Infostealer

An infostealer is a category of malware specialized in extracting credentials, cryptocurrency wallets, browser cookies, autofill data, and stored sessions from infected devices. Names: RedLine, Raccoon, Vidar, Lumma, Rhadamanthys, StealC. Sold as malware-as-a-service on cybercrime forums for $100 to $500 per month per operator. The dominant initial-access tool of the 2024-26 cybercrime economy, responsible for the majority of credential-related compromises documented in current incident reports.

What it means in practice

The infestation typically starts with a malicious download (cracked software, fake software updates, malicious GitHub releases impersonating popular tools, infected video tutorials). The malware runs once, extracts everything in 30 to 120 seconds (browser cookies including active sessions, password manager exports if accessible, crypto wallet files, Steam and Discord tokens, FTP and SSH credentials), exfiltrates to the operator’s command-and-control server, and often deletes itself. The user notices nothing. Days or weeks later, the credentials get sold in bulk on cybercrime forums and the buyers monetize through ATO. The 2024 Snowflake-customer cascade started with infostealer-harvested credentials of customer admins; the downstream damage to Ticketmaster, AT&T, Santander, and dozens of others ran into hundreds of millions of records.

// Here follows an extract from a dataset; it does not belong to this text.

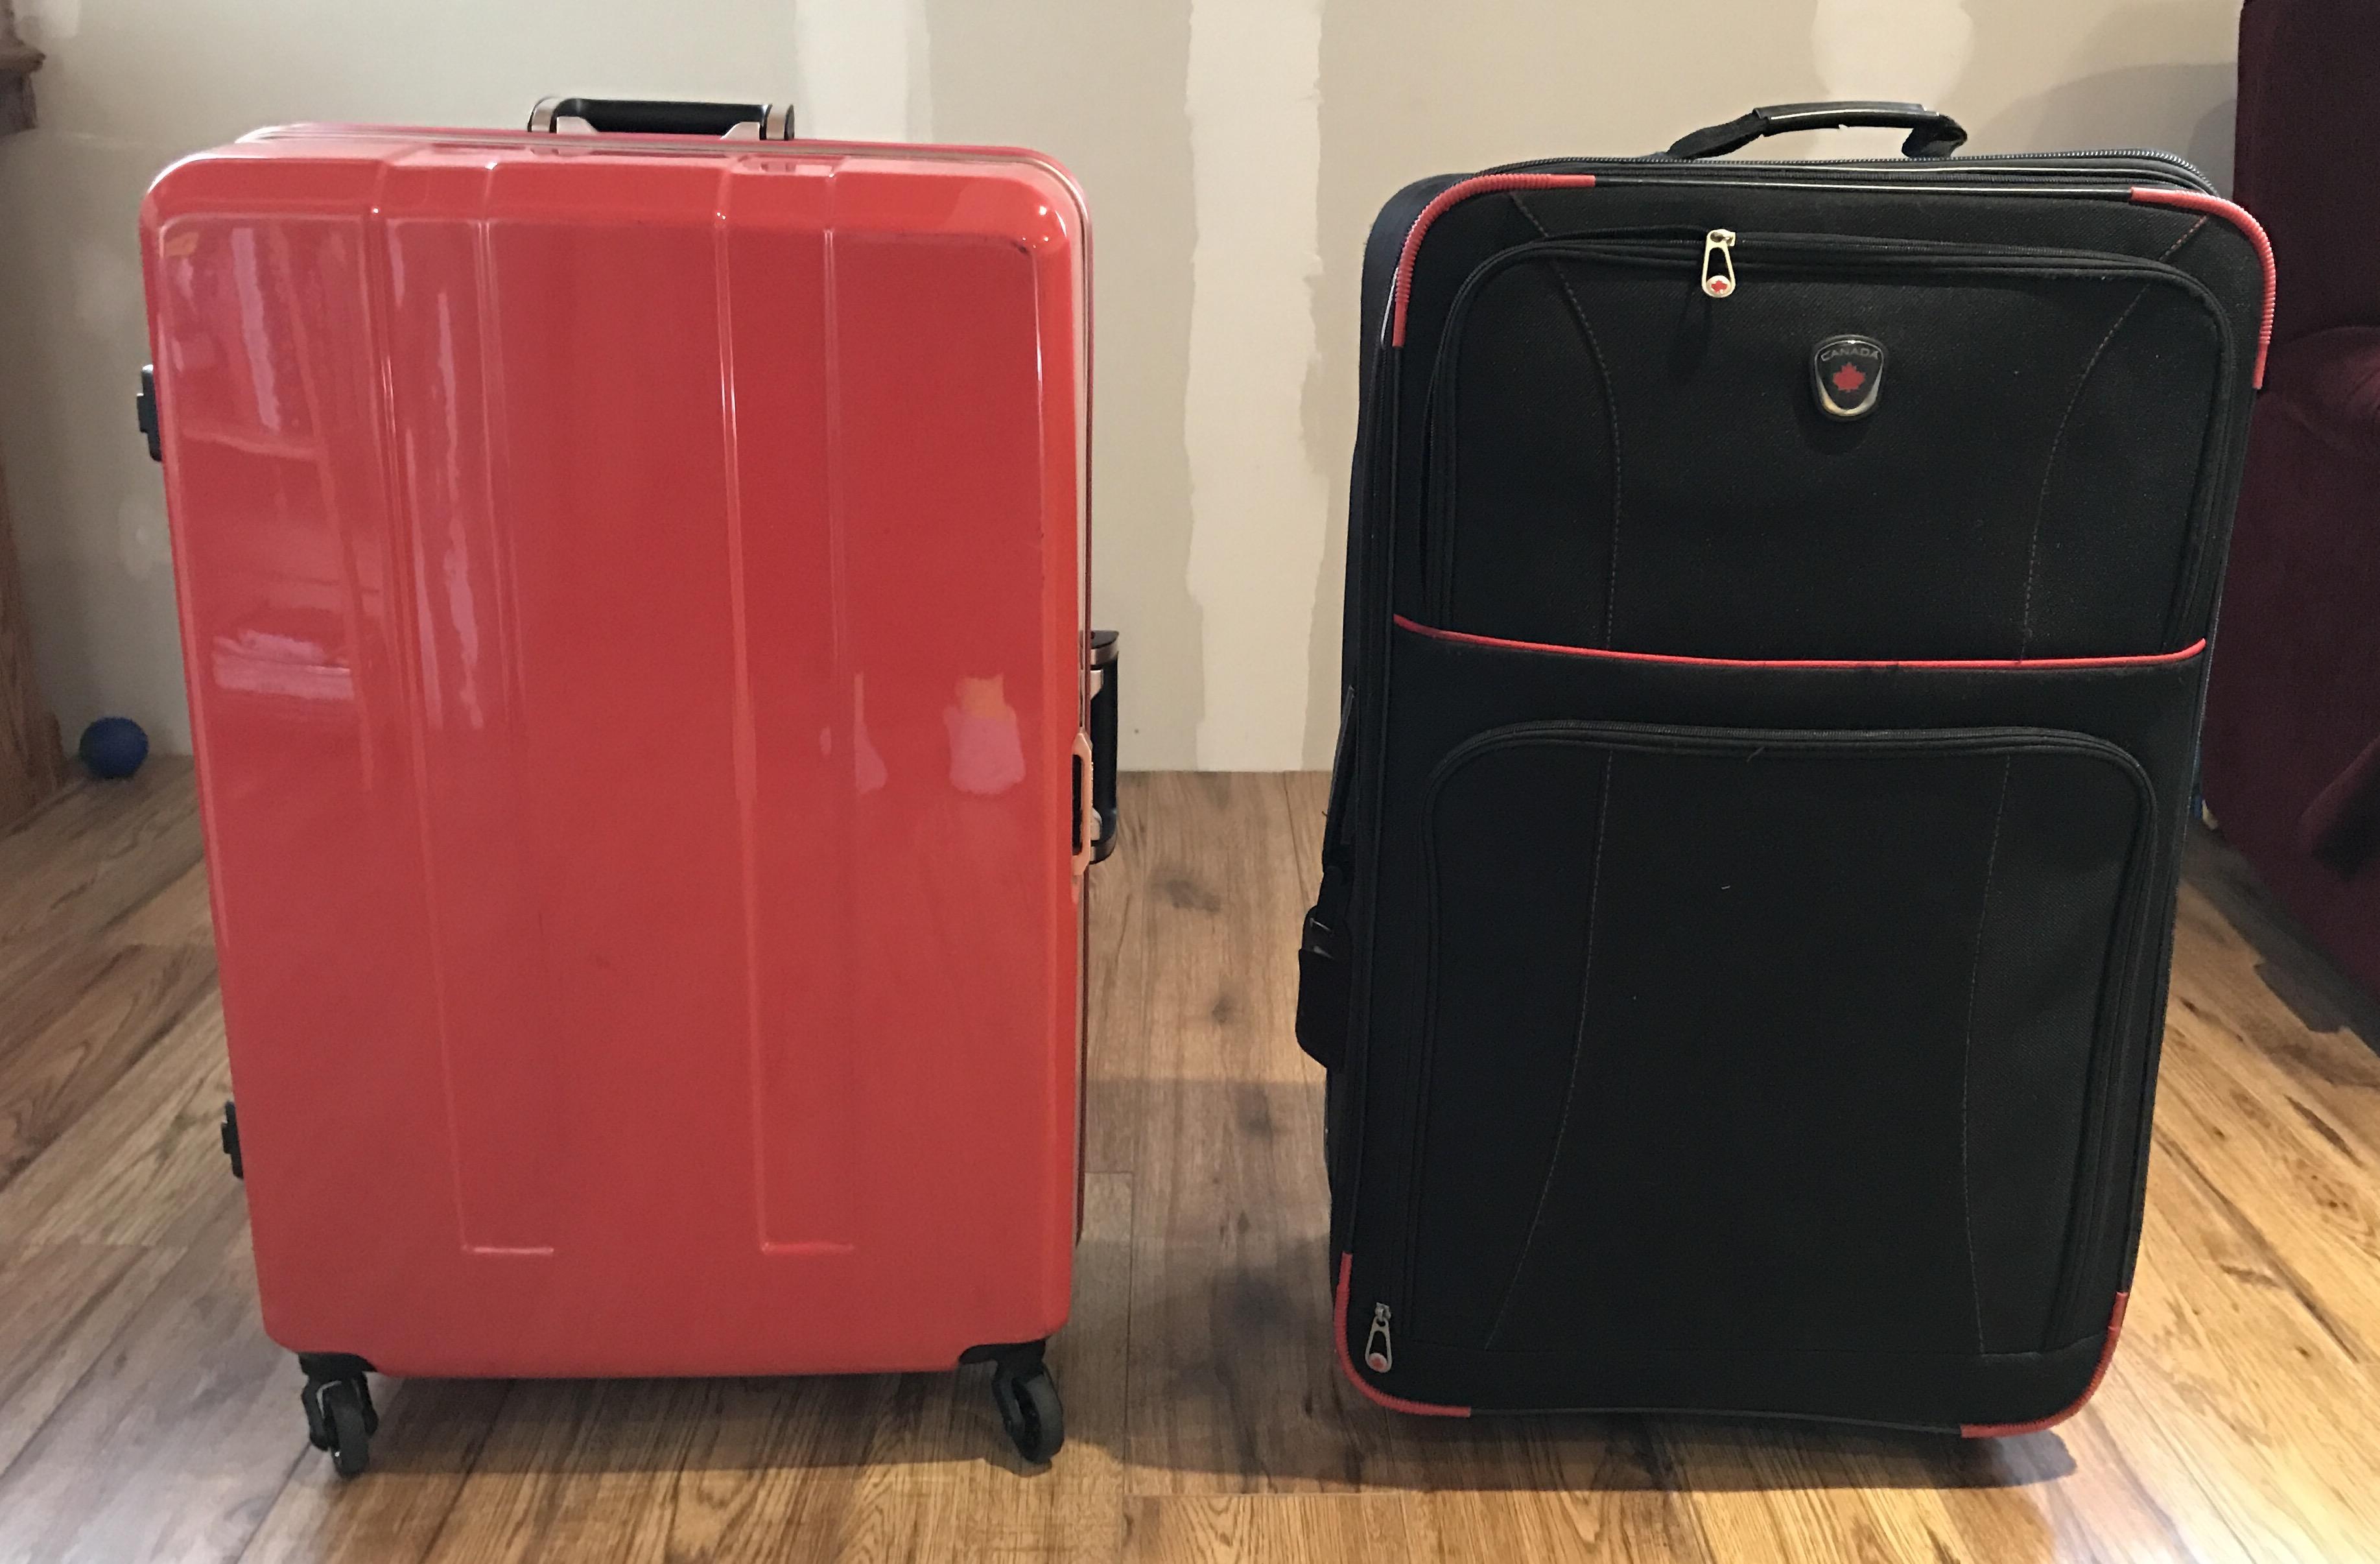 ハードとソフトを徹底比較!海外旅行用のスーツケースはどっちがオススメ?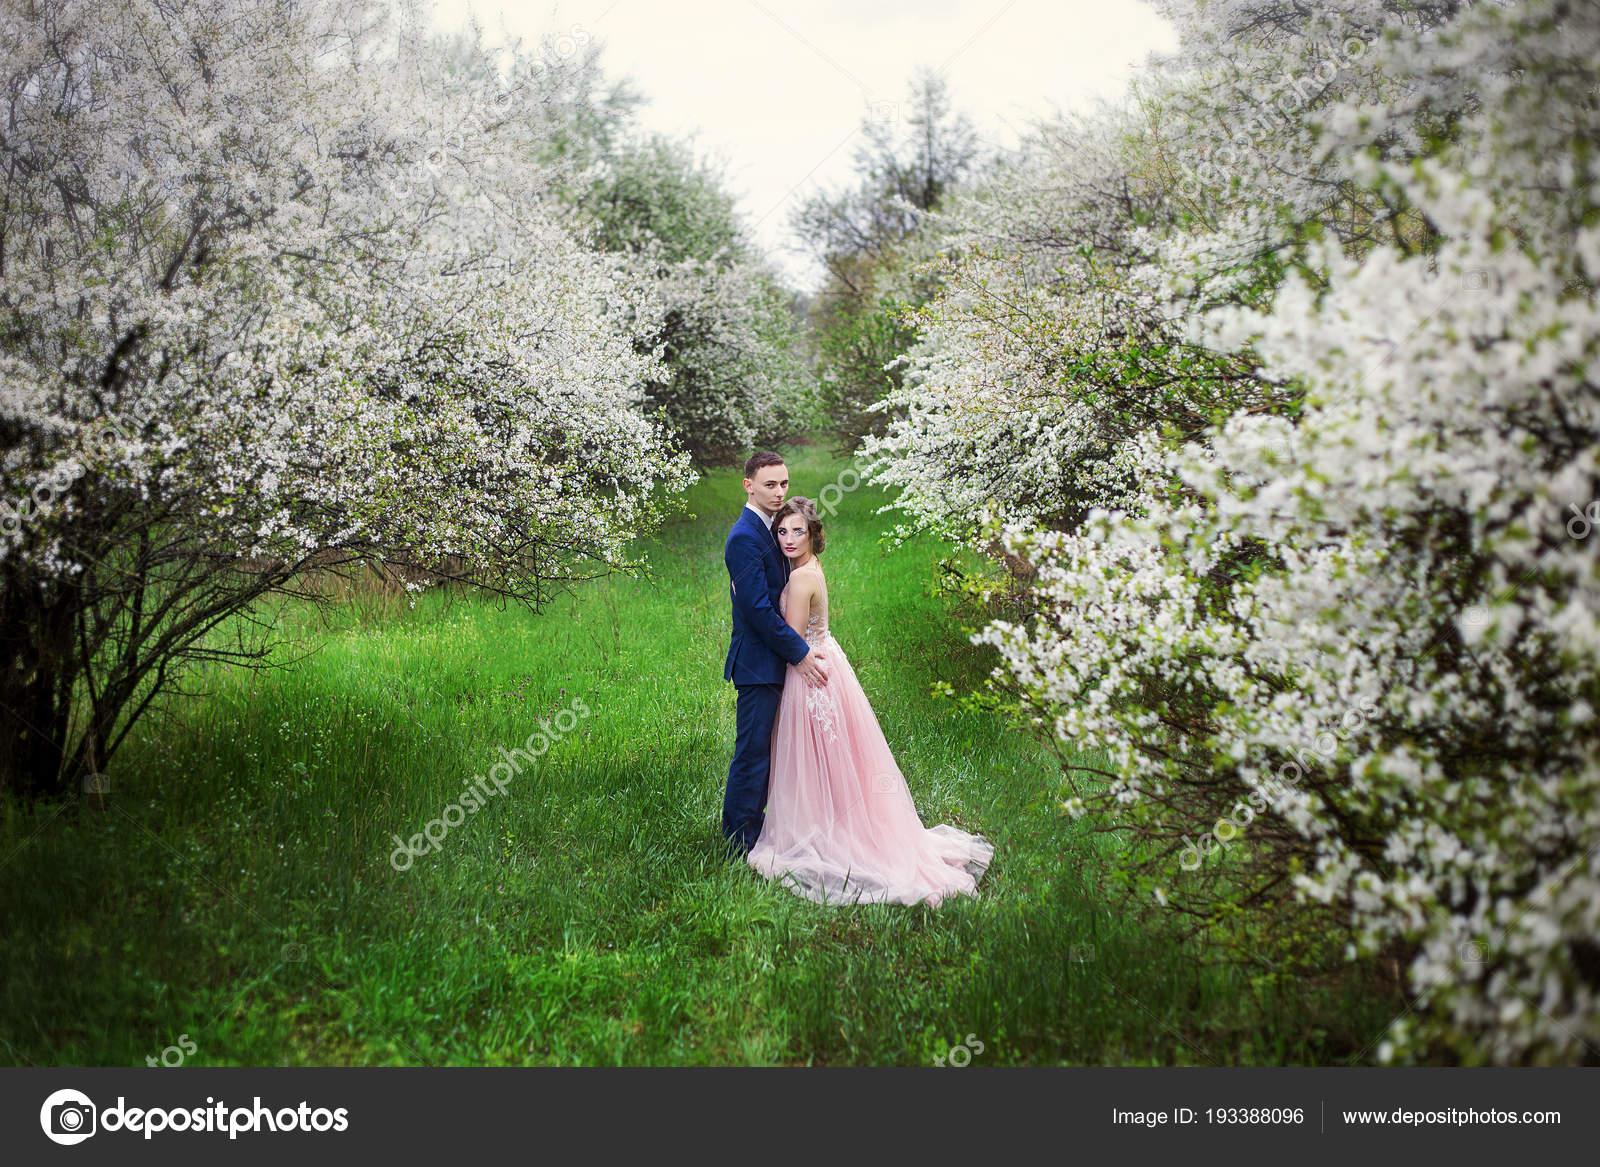 Bella coppia innamorati wedding dresses contro sfondo giardini fiore

Who is targeted, and by whom

Targets: anyone running unverified software downloads, anyone who clicked a malicious GitHub release or YouTube tutorial link, anyone whose family member did. The infection vector is opportunistic, not targeted; the value of the infection is determined later when the credentials get sold. Operators: organized cybercrime crews running infostealer-as-a-service platforms, bulk-credential brokers buying the output and reselling, and the downstream ATO crews monetizing the bought credentials. The defensive shift: hardware-key 2FA structurally defeats the cookie-theft path because session cookies tied to FIDO2 authentication do not transfer to the attacker’s machine usefully; the cryptographic binding requires the original key.

What you can change today

Three actions. First, do not run cracked software, do not download from unofficial sources, verify GitHub releases via the project’s published GPG signatures or release pages. Second, hardware-key 2FA on the keystone accounts (primary email, password manager, financial, code repositories) so cookie theft is not enough to compromise the account; the attacker still needs the physical key. Third, run a reputable EDR or AV (Microsoft Defender on Windows is reasonable, Malwarebytes for additional coverage, ClamAV on Linux) and audit it monthly. For browser hygiene: do not save passwords in the browser if you can avoid it (use a password manager instead); browser-saved credentials are the lowest-friction infostealer target.